Assignment: The reply should match the listing below character for character, except that no image is carried over.

─── Supplied material ───

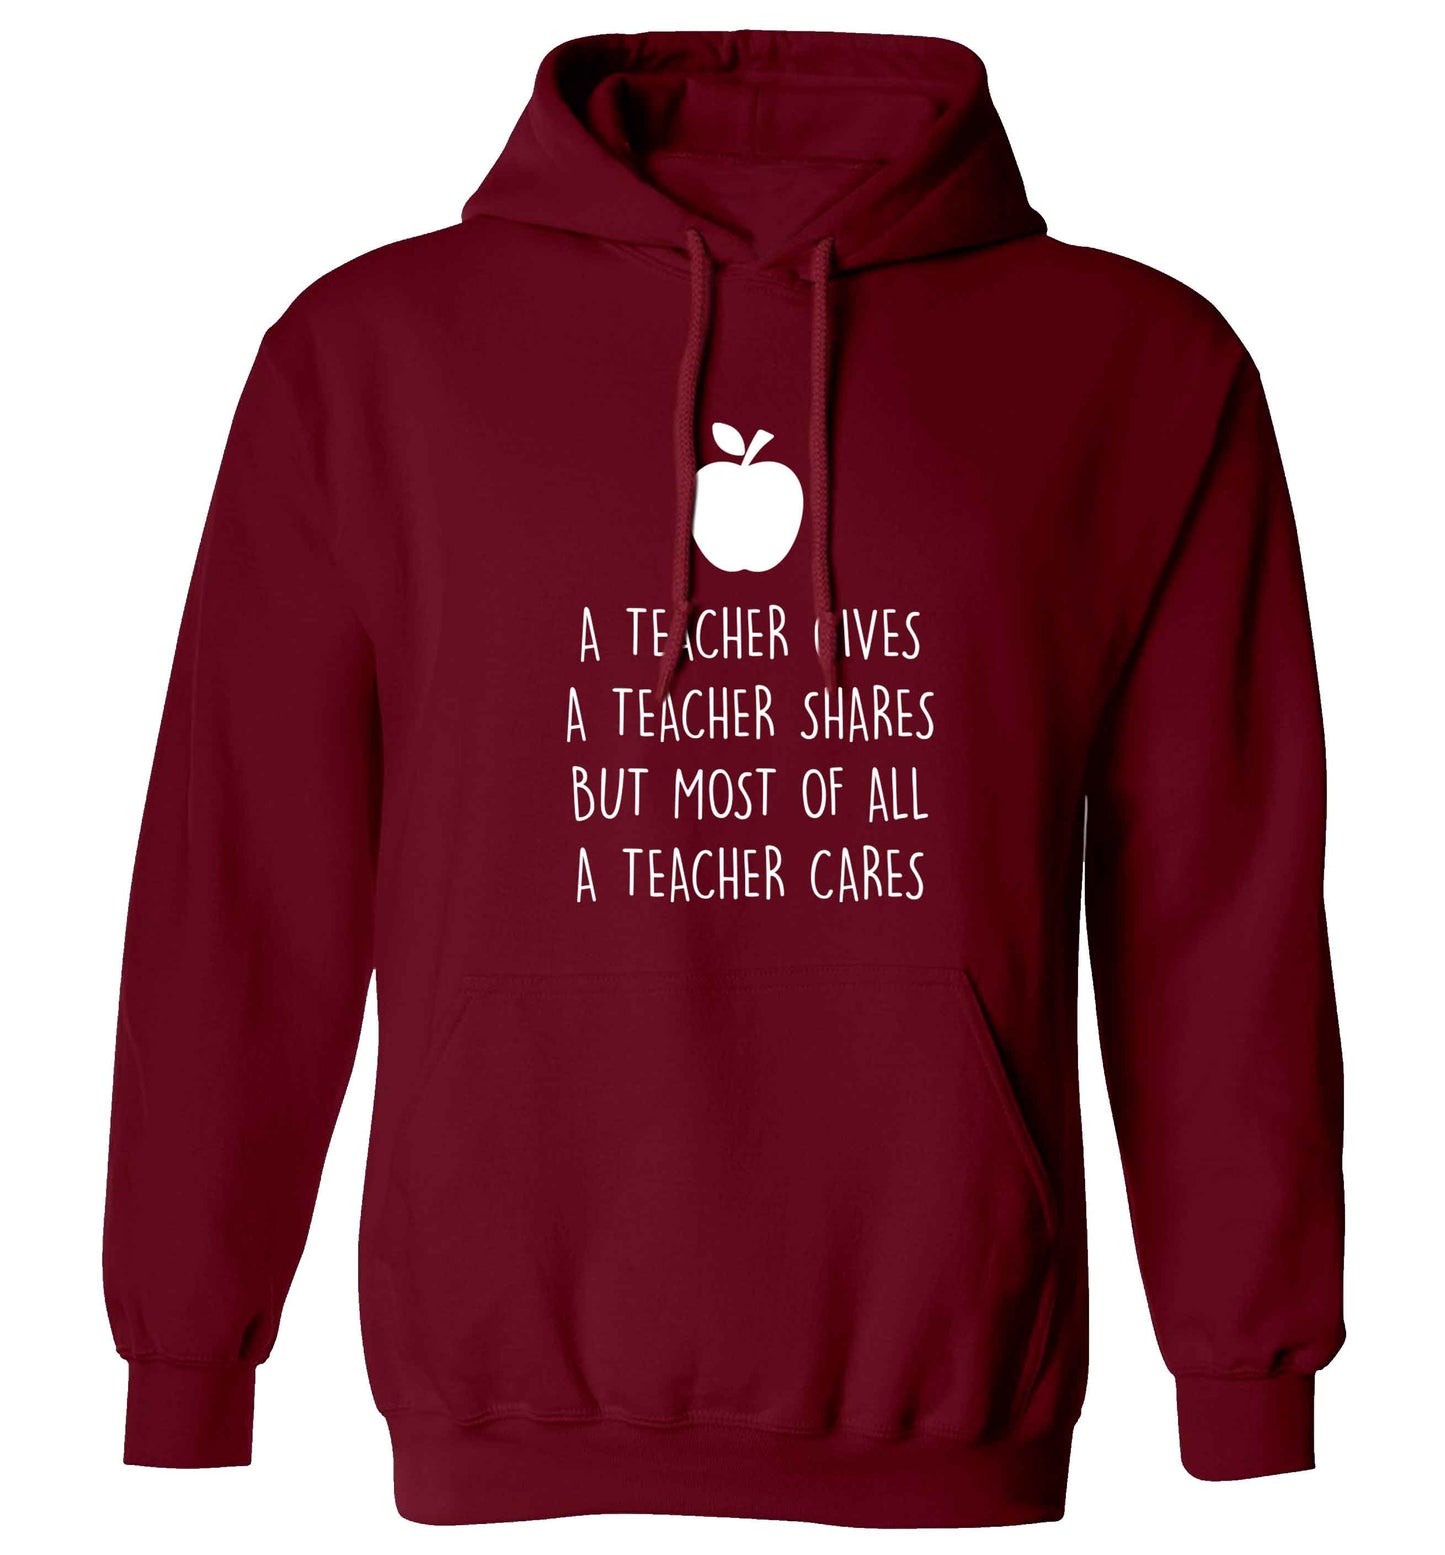 A teacher gives a teacher shares but most of all a teacher cares adults unisex maroon hoodie 2XL
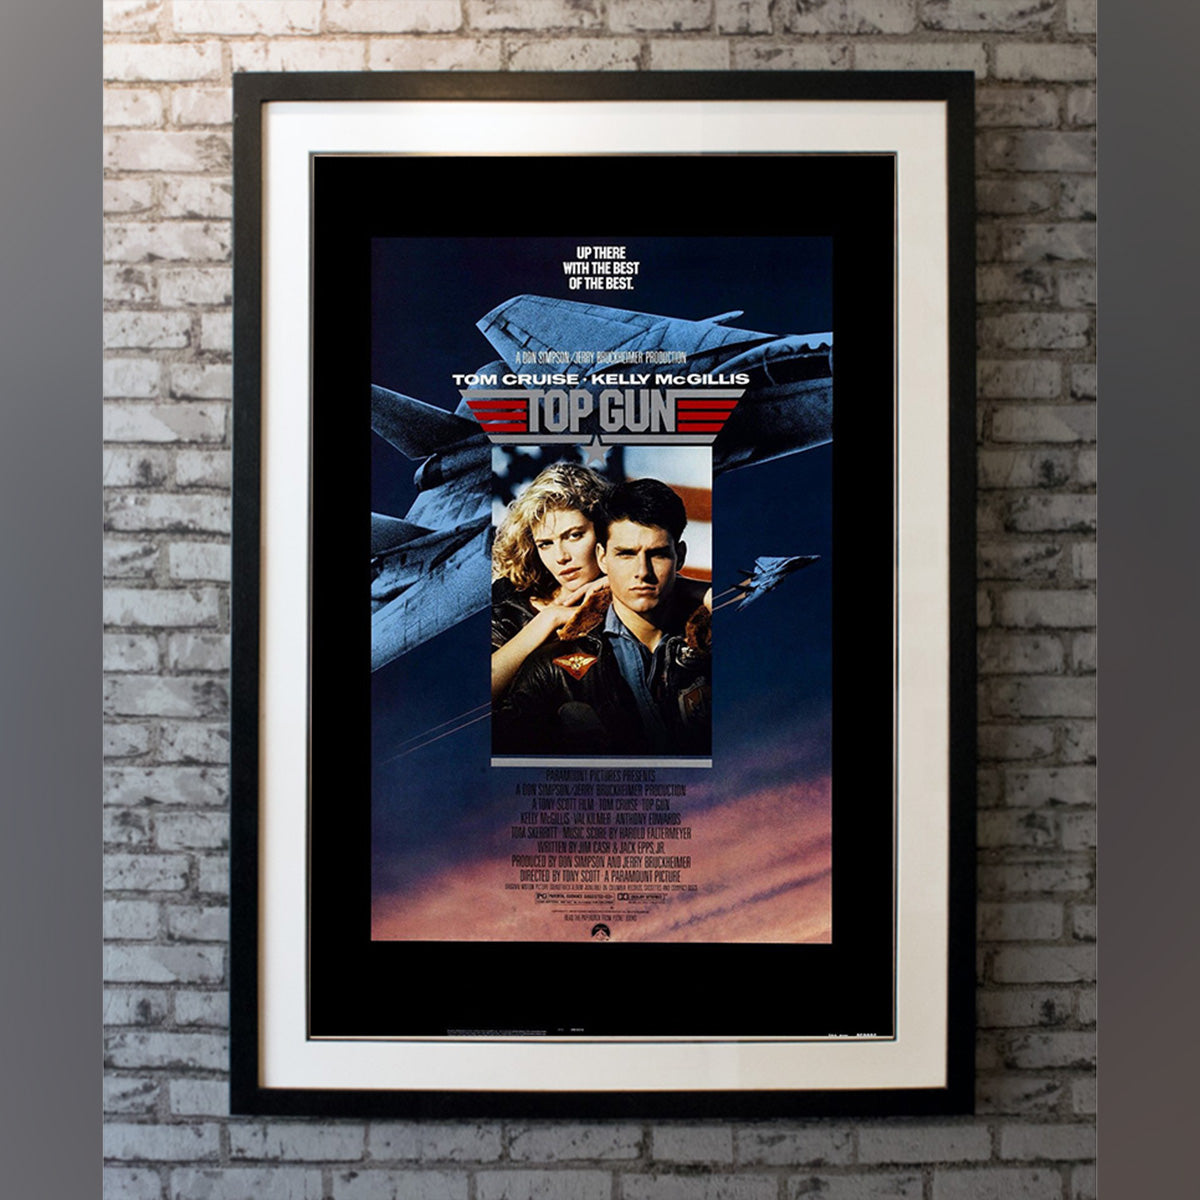 Original Movie Poster of Top Gun (1986)
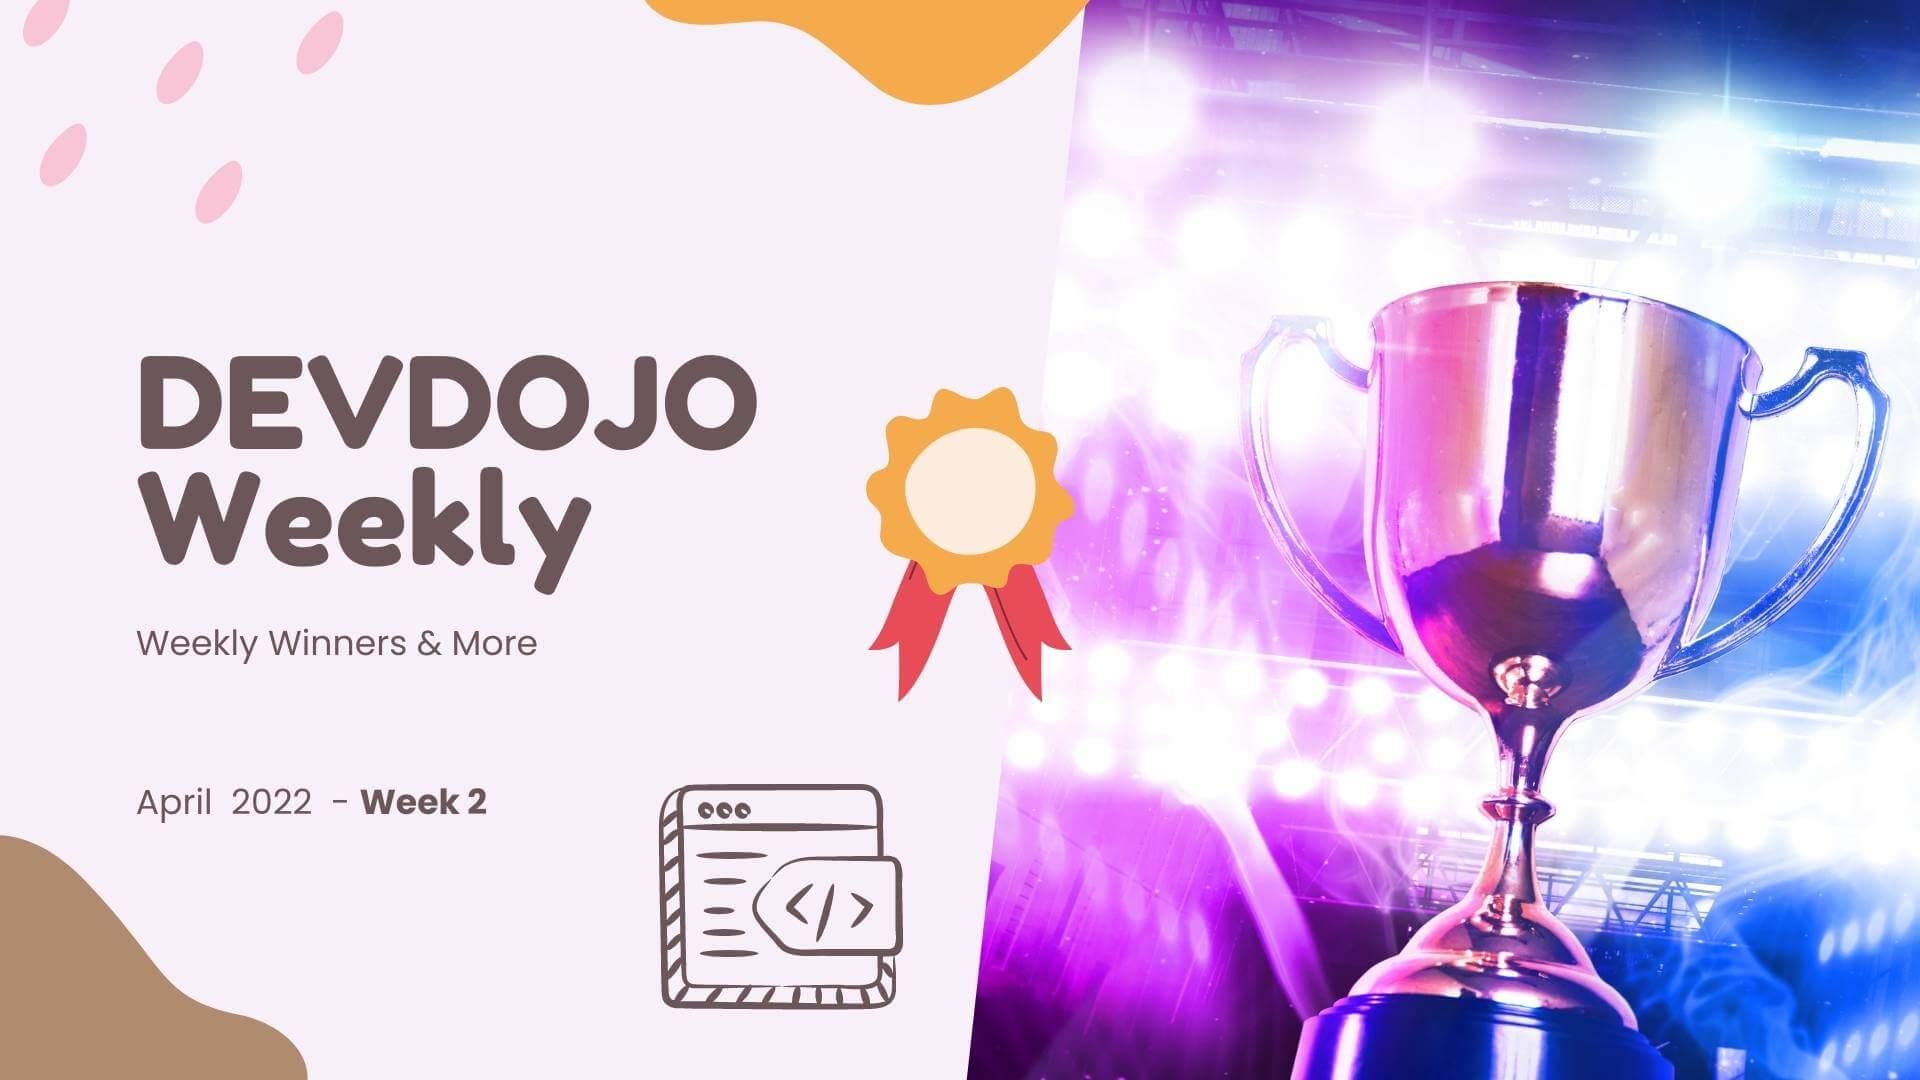 DevDojo Weekly - April 2022 - Week 2

───

Answer to this task:
 A teacher gives a teacher shares but most of all a teacher cares adults unisex maroon hoodie 2XL
 Original Movie Poster of Top Gun (1986)
 DevDojo Weekly - April 2022 - Week 2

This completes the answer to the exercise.